O proprietário, Esteban, é um senhor na faixa dos 90 anos e, portanto, grupo de risco para o coronavírus. Na minha primeira visita à livraria, Esteban retribuiu a compra de quatro preciosidades com um brinde, um livro de Otto Pedro Bumbel, publicado na Espanha, em 1982.

Bumbel foi técnico do Grêmio, campeão gaúcho em 1946 e 1949, do Atlético de Madrid, vice-campeão espanhol em 1965, campeão da Taça de Portugal pelo Porto, em 1958.

Curiosos tempos de vírus globalizado, em que ainda há um discurso torto de que os treinadores brasileiros não fazem sucesso no exterior, por causa da falta de cursos reconhecidos na Europa e do idioma.

Ah... o idioma. Nos velhos anos 1970, quando Bumbel encerrava sua trajetória no Málaga, na Andaluzia, e no Racing de Ferrol, na Galícia, treinadores mais famosos do Brasil exploravam o Oriente. Rubens Minelli e Zagallo trabalharam no Al Hilal, Telê Santana no Ah Ahli, Oswaldo de Oliveira fez sucesso no Kashima Antlers, já no século 21.


Se o idioma não era problema na Arábia Saudita e no Japão, como se tornou um dificultador em plena era globalizada? Não se tornou.

O mundo, e mesmo o Brasil, sempre olhou para os técnicos daqui como professores e nunca como estrategistas. Ainda que existam mestres da tática como Tim, Minelli, Ênio Andrade, Zagallo e Luxemburgo, o Oriente Médio optou muitas vezes pelos brasileiros, mais pela capacidade de ensinar o chute, o passe e o domínio da bola, do que por montarem times coletivamente perfeitos.

Nesta época, o espaço diminuiu, não apenas por ser necessário fazer exercícios físicos na sala de sua casa, mas porque os jogadores correm mais e mais rápido por todo o gramado. Há necessidade de criar estratégias de ataque, para furar times sem buracos na defesa.

A mistura de papo e treino não é exclusividade do Brasil. Kaká disse nesta semana que seu melhor técnico foi Carlo Ancelotti e não elogiou sua inegável capacidade tática. Mais marcante para o melhor jogador do mundo de 2007 era a maestria de Ancelotti para gerenciar grupos de jogadores extraordinários.

Ainda prevalece, na visão do Brasil, a ideia do técnico paizão ou chefão. Esse olhar distorcido não é só do treinador nascido aqui. Repare no discurso de comentaristas, dirigentes e torcedores e perceba como sempre se esbarra nisso. "Alguém que tenha pulso."
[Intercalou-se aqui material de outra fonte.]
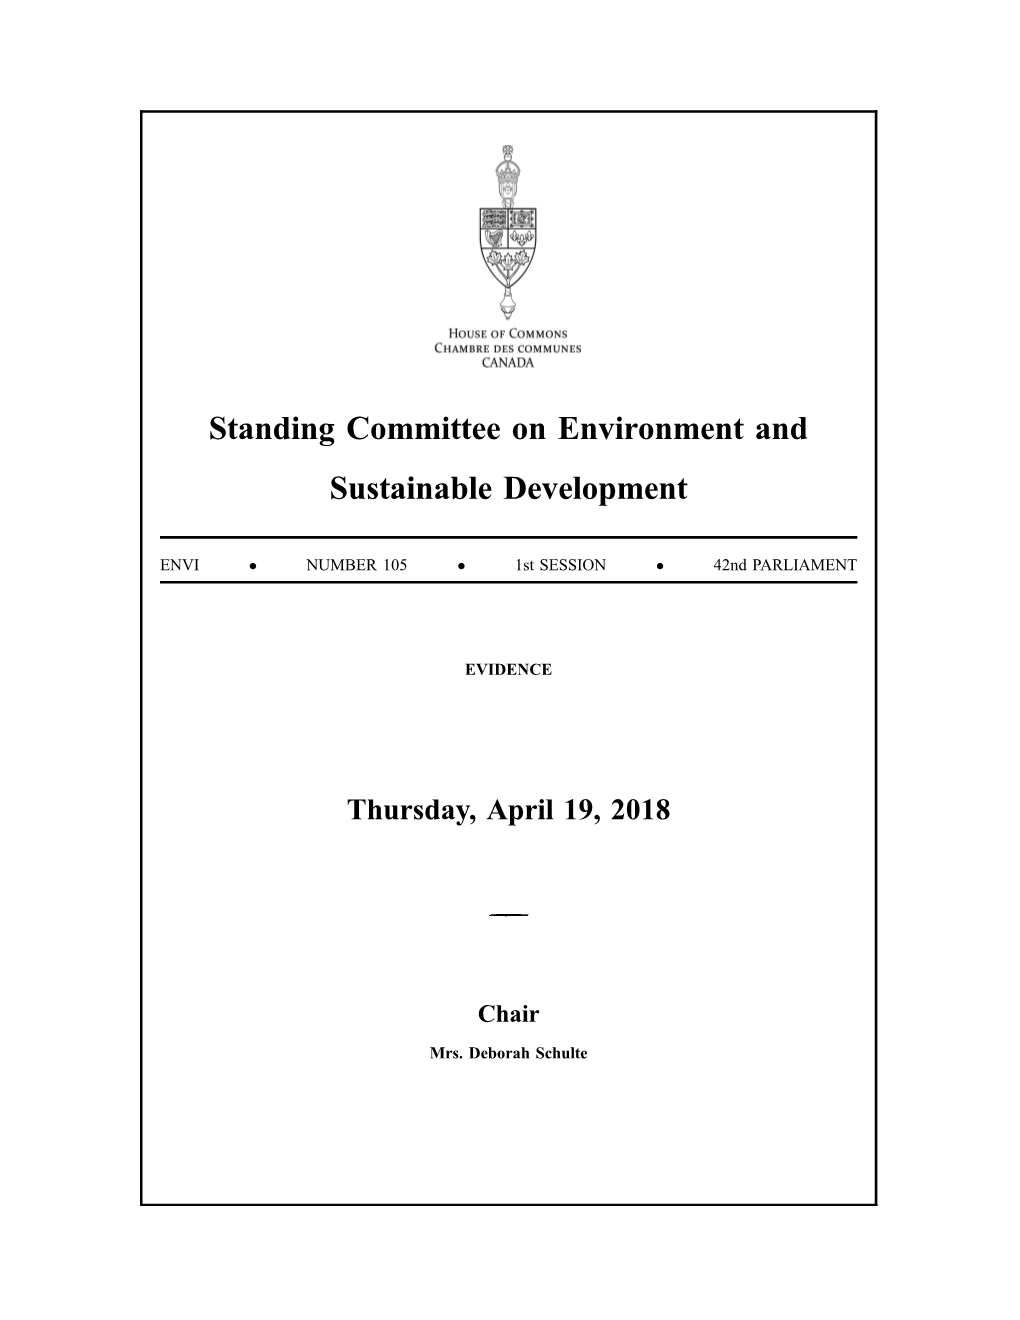 Standing Committee on Environment and Sustainable Development

José Mourinho tem, também é estrategista, e não tem conseguido trabalhar em alto nível, porque aparentemente os jogadores se cansaram do autoritarismo. Preferem autoridade.
Aqui, uma parte da responsabilidade também é dos atletas, que se comportam como profissionais na Europa e entregam-se aos vícios no Brasil.

Só não dá para tratar como coitadinhos os técnicos daqui, porque não têm cursos nem fluência nos idiomas dos países onde pretendem trabalhar.
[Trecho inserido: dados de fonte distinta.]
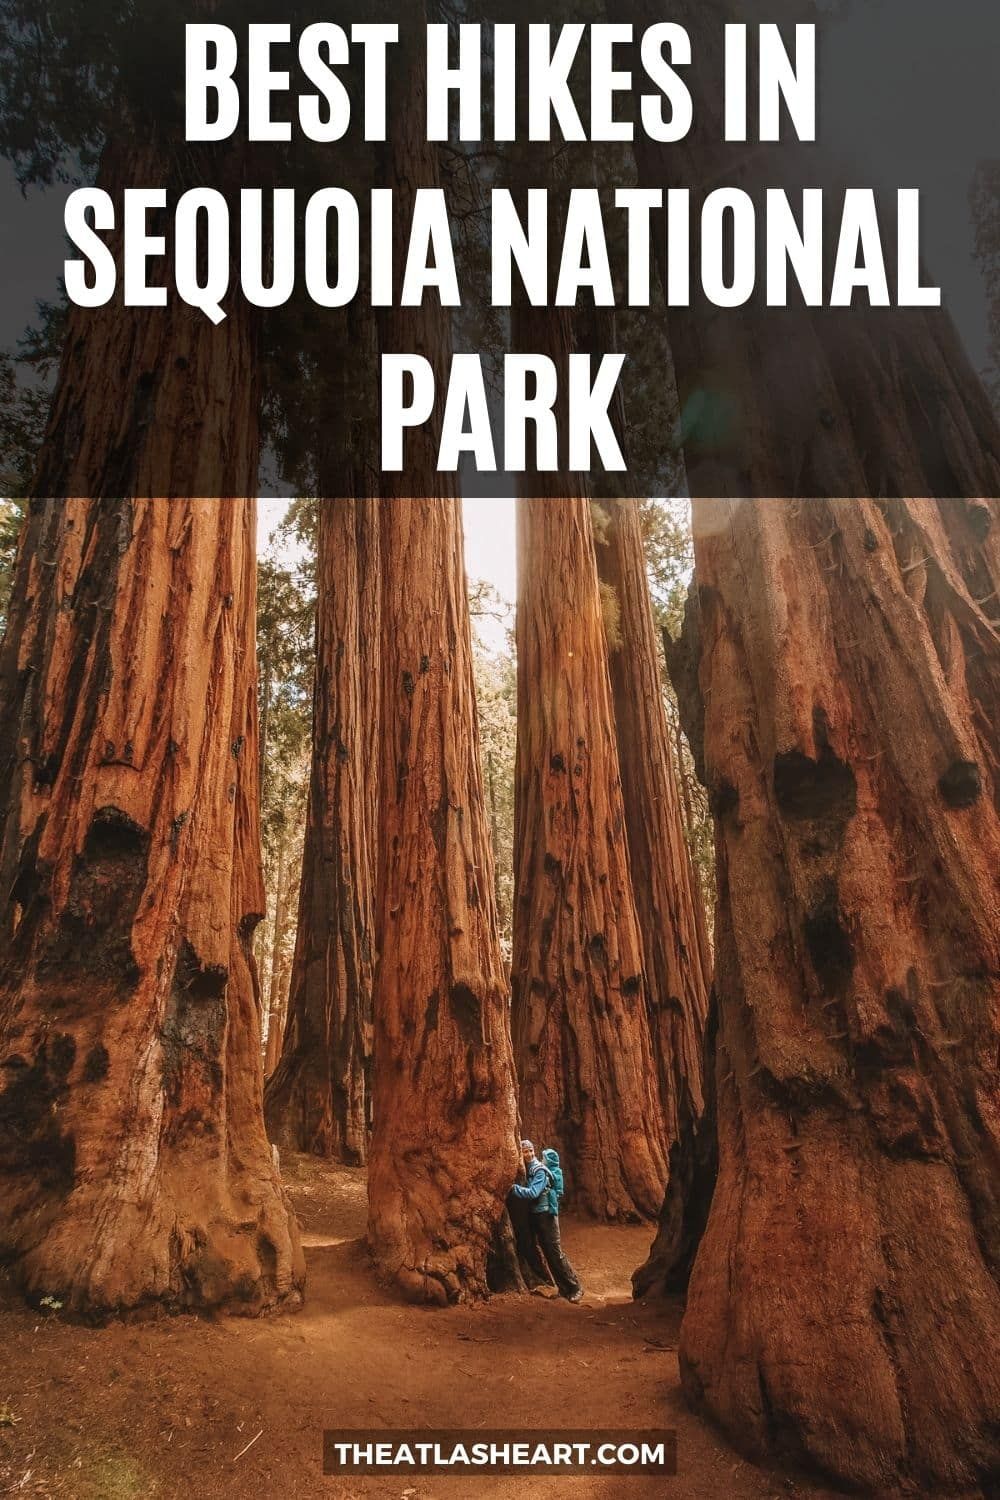 21 Best Hikes in Sequoia National Park & Kings Canyon

Abel Braga foi técnico do Olympique de Marselha, Ricardo Gomes do PSG e do Bordeaux e, entre os estrangeiros, Mourinho foi grande, mas também piada nos programas de tevê da Itália por alguns erros no idioma, como dizer zero punti (zero pontos), em vez de zero punto, no singular.

Coitadinho, hoje em dia, é o senhor Esteban Sanz, dono da livraria que vende preciosidades no centro de Madri. Ele não pode trabalhar, porque é risco de morte, e ficar em casa também pode ser risco de fome.